My dad may be gay

Not that there’s anything wrong with that.

I don’t think the traits that I’m beginning to notice necessarily reflect a change in his sexual orientation, but he seems to have acquired certain characteristics that one commonly associates with ‘the gays’. My dad called ‘just to talk’ yesterday. That alone is a bit unusual. But, he tends to get a bit ‘cuddly’ when he is separated from his wife for more than an hour at a time. Mom had stayed behind at the cabin with her “bridge-playing bimbos”. Bridge-playing and bimbo sounds like an oxymoron to me, but I think dad is a bit intimidated, so he resorts to name-calling. I’m not surprised he left the cabin. Most likely he was politely asked to leave.

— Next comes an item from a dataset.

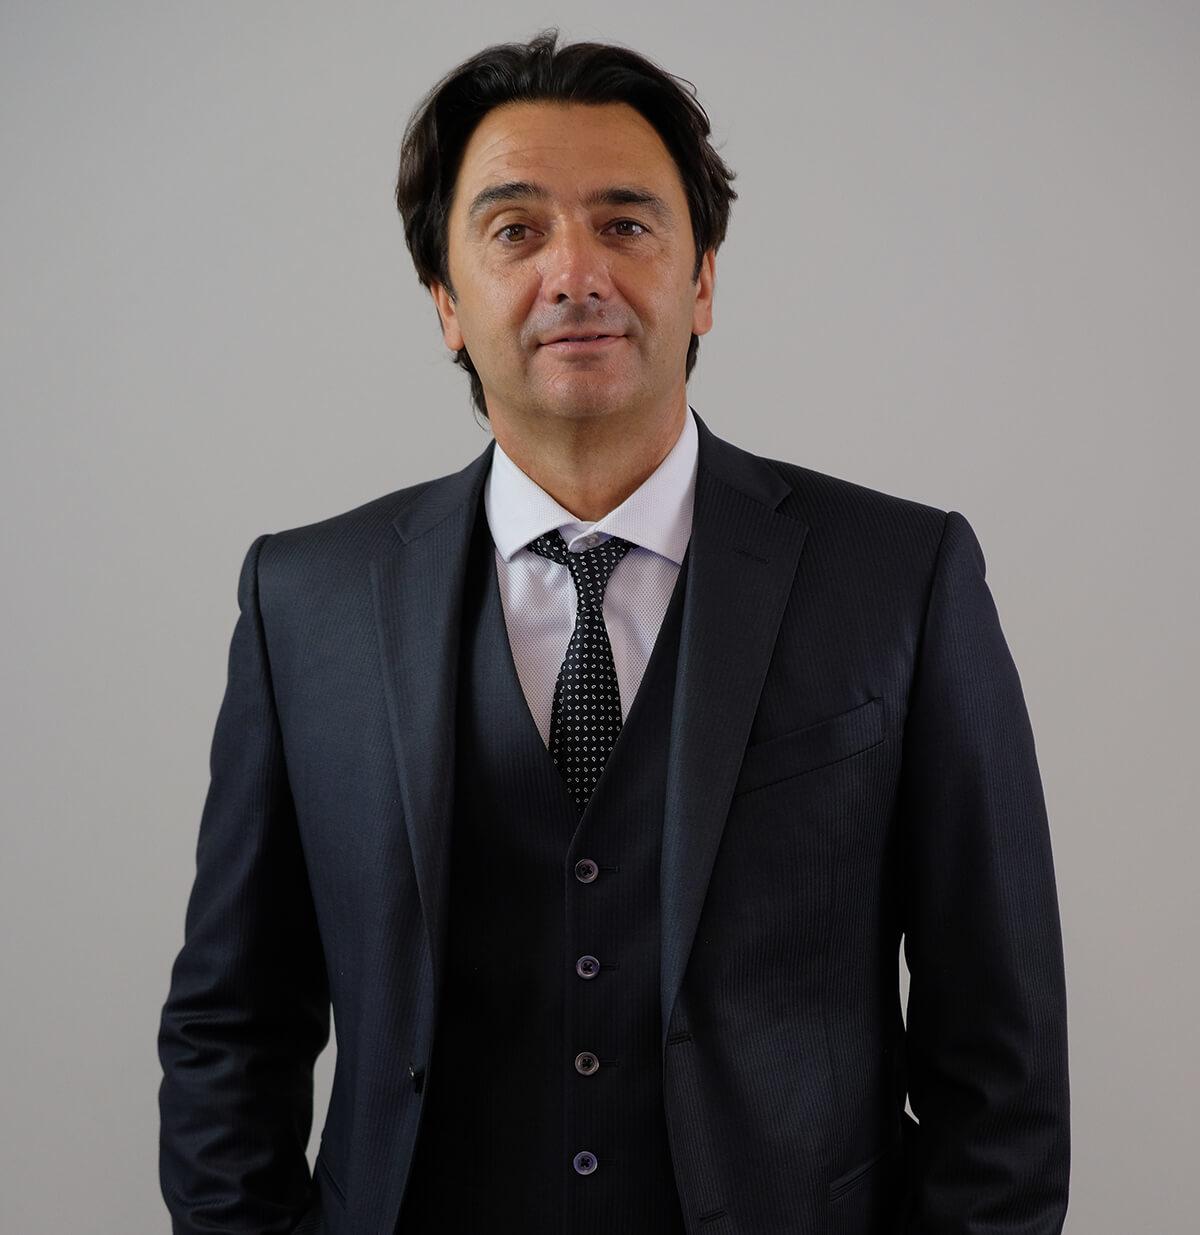 Marco Biancardi

The phone rings and after a moment of panic (dad rarely calls except for something major and unpleasant); I realize he has just called to chat. At first, it seems like any other phone call when a man is trying to hold up one end of a conversation. Awkward. Men hate talking on phones. I think it’s genetic. At least straight men hate talking on phones. But eventually he warms up a bit and starts telling me how he took Al to the liquor store so he could recoup some of the money he loses from Al’s foraging habits. I should explain. My brother Al lives next door (literally) to mom and dad. This means that he drops by for ‘dinner and drinks’ frequently (whether or not mom and dad are home).

So, dad is at the liquor store with his shopping cart, picking out Bailey’s Irish cream and assorted fruit-flavored liquers. Al wanders off, probably looking for a case of Leinenkugel. Dad approaches an employee and inquires about a raspberry beer. The employee says “no” he hasn’t heard of that. Next, dad begins to describe a cherry beer he might like instead. The employee becomes uncomfortable. “No”, he hasn’t heard of that either. “How about an apricot beer”, dad persists. At some point Al pulls dad to the side and says. “Why didn’t you just ask him to point you to the gay section of the liquor store?”

Later in the conversation, I tell my dad that husband Don Aldo and I are planning to see that ‘ABBA play’ this weekend. Oooooh he squeals, “Mamma Mia”? I loved that play. What a great band! He proceeds to tell me that the A’s and the B’s in ABBA stand for the names of the two couples in the band and that for a while A was married to B and B to A, but then they broke up so the band fell apart. Tragedy. Apparently, mom and dad routinely listen to ABBA tapes on the way up to the cabin. They have real ABBA tapes and ‘Mamma Mia, the musical tapes’. Sounds like my dad is a real ABBA connoisseur.


4 Responses

  1. I feel it is necessary for me to defend the sexual proclivities of my husband!! He is many things…mostly good…but definitely NOT gay!!! We have 3 wonderful children and many “lovely evenings” to prove it….although you will just have to take my word for that. Besides, he was probably trying to buy those beers for me….I learned to like “fruity” beer in Belgium. I thought we were finally becoming “with it” when we discovered a 1970 group that we liked. Before that it was Bing Crosby and Perry Como….you HAVE heard of them, haven’t you? His drinking habits MAY be a little unusual. Besides bourbon and margueritas, he likes almond champagne, kir, and Baileys. He is not particularly fond of the peach champagne but maybe he should try it again. Tiger thinks he should get out his Liberace CD and again watch Les Cages aux Folles!!

  2. I thought I might get a reaction with this one.

  3. Tiger says, “you always were a trouble maker!!” I thought it was pretty funny myself.

  4. It was a great play. Although I definitely prefer real ABBA to the Mamma Mia version. My favorite part was the end when they did some of ABBA’s most popular songs as a big group.